Recorded-me reaches off-screen again and pulls over a folder, opening it to show pages dense with text and diagrams.

"Everything you need is here. Patient records showing the real procedures versus what's documented. Technical schematics proving the vaults can write. Financial records showing Keene's offshore accounts where he's been funneling research money. Testimony from Daniel explaining how the technology works. Video evidence of unauthorized procedures."

She sets down the folder and leans close to the camera one more time.

"You have eleven days. Maybe less. Keene will move against you when he's certain you're not under his control anymore. Sarah will help if you ask her right, but be careful—she's been modified too, and I don't know how deep her programming goes. Daniel can be trusted completely. He loves you. You love him. Even if you can't remember it now, that's real."

Her voice breaks on the last word. She takes a shaky breath, composes herself.

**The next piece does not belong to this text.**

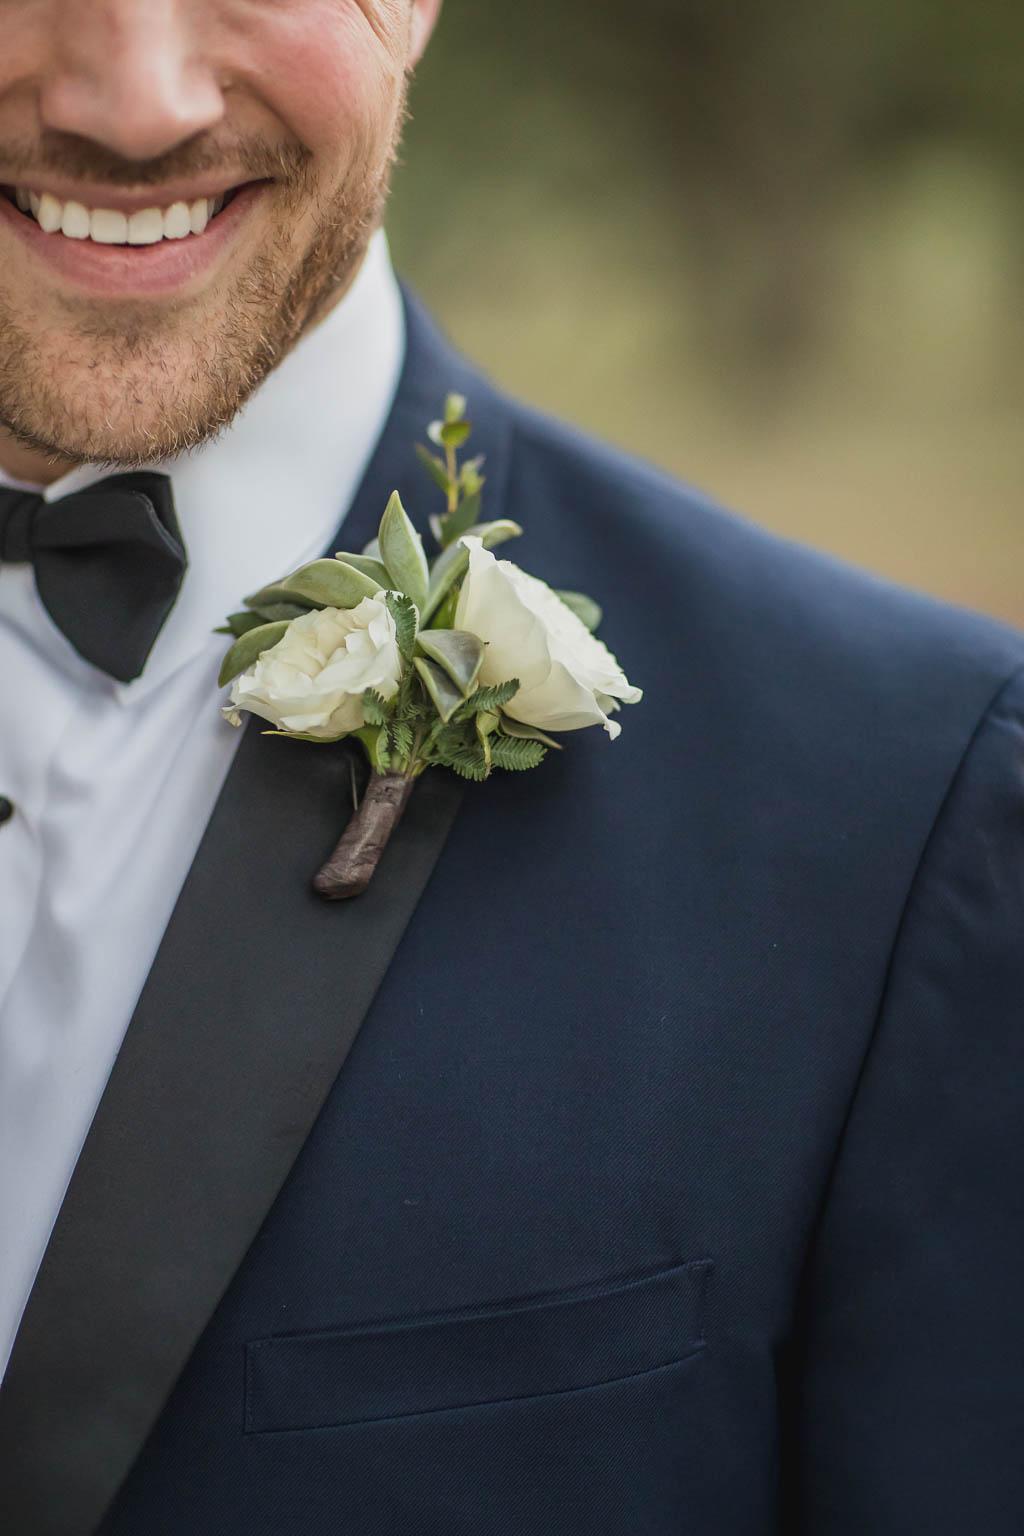 Groom Wedding Style - Bride Film

"I chose to forget because I needed Keene to believe he won. Because I needed to hide what I know somewhere even a memory scan couldn't find it. And because—" her voice drops to a whisper, "—because I couldn't carry it anymore. Knowing what he did to people. Knowing he was going to do it to me. Knowing that Daniel and I had to stay apart, pretend not to know each other, act like strangers while Keene watched for any sign of continued connection. I couldn't live with that and stay functional. So I chose this."

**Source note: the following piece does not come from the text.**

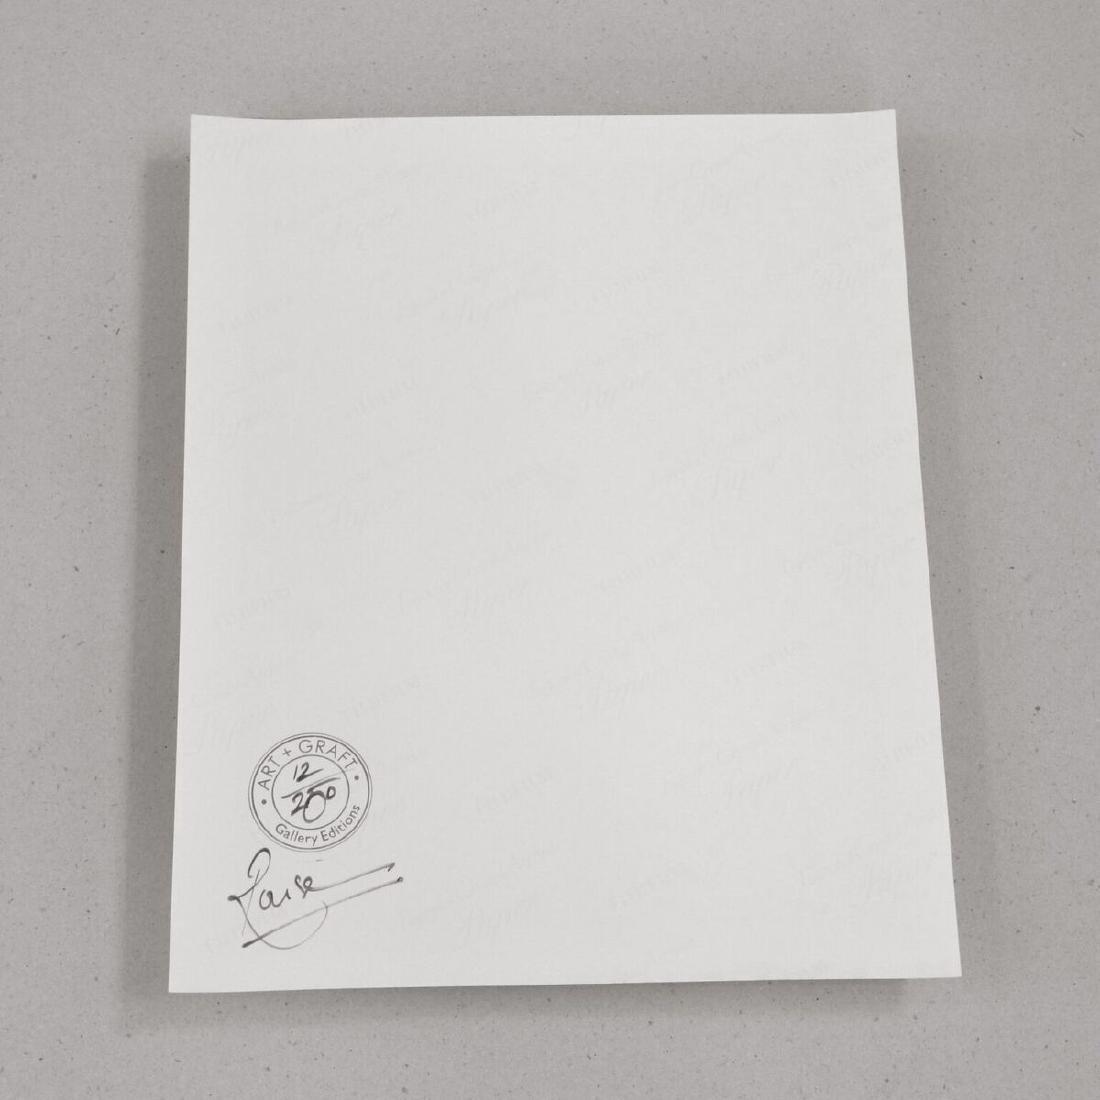 Dominic Rouse Chromogenic Print Ecce Homo - 5

She straightens, wipes her face one final time. "The code to your memory vault is in Daniel's unit. He doesn't know that—I couldn't risk telling him, couldn't risk Keene extracting it from him if things went wrong. But it's there, hidden in a way only you'll understand. If you need those memories back, if you need to remember everything, go to him. But be warned—there's a reason I locked them away. A reason I chose not to carry them."

The recording freezes, her face caught mid-expression, then the screen goes black.

I sit in the silence of the safe house, my heart pounding, my mind racing through implications and connections and revelations that rewrite everything I thought I understood.

Keene isn't just performing unauthorized research. He's committing assault, stripping away people's identities and replacing them with fabricated ones. And I was going to be his next victim.

No. I was his victim. I just escaped by erasing myself first.

I look around the safe house with new understanding. The investigation board. The surveillance footage. The encrypted hard drives. This isn't paranoia. This is documentation. Evidence. Everything I need to destroy Marcus Keene and expose what he's done.

Eleven days.

I need to move faster.

I turn back to the desk and start going through papers with systematic efficiency. The folder recorded-me showed on camera is right where she left it, thick with documentation. I flip through it quickly, my eyes scanning for key points.

Patient consent forms with signatures that don't match the handwriting samples on file. Financial records showing wire transfers to offshore accounts. Email correspondence between Keene and someone named Dr. Elizabeth Marsh discussing "subject compliance" and "personality integration success rates."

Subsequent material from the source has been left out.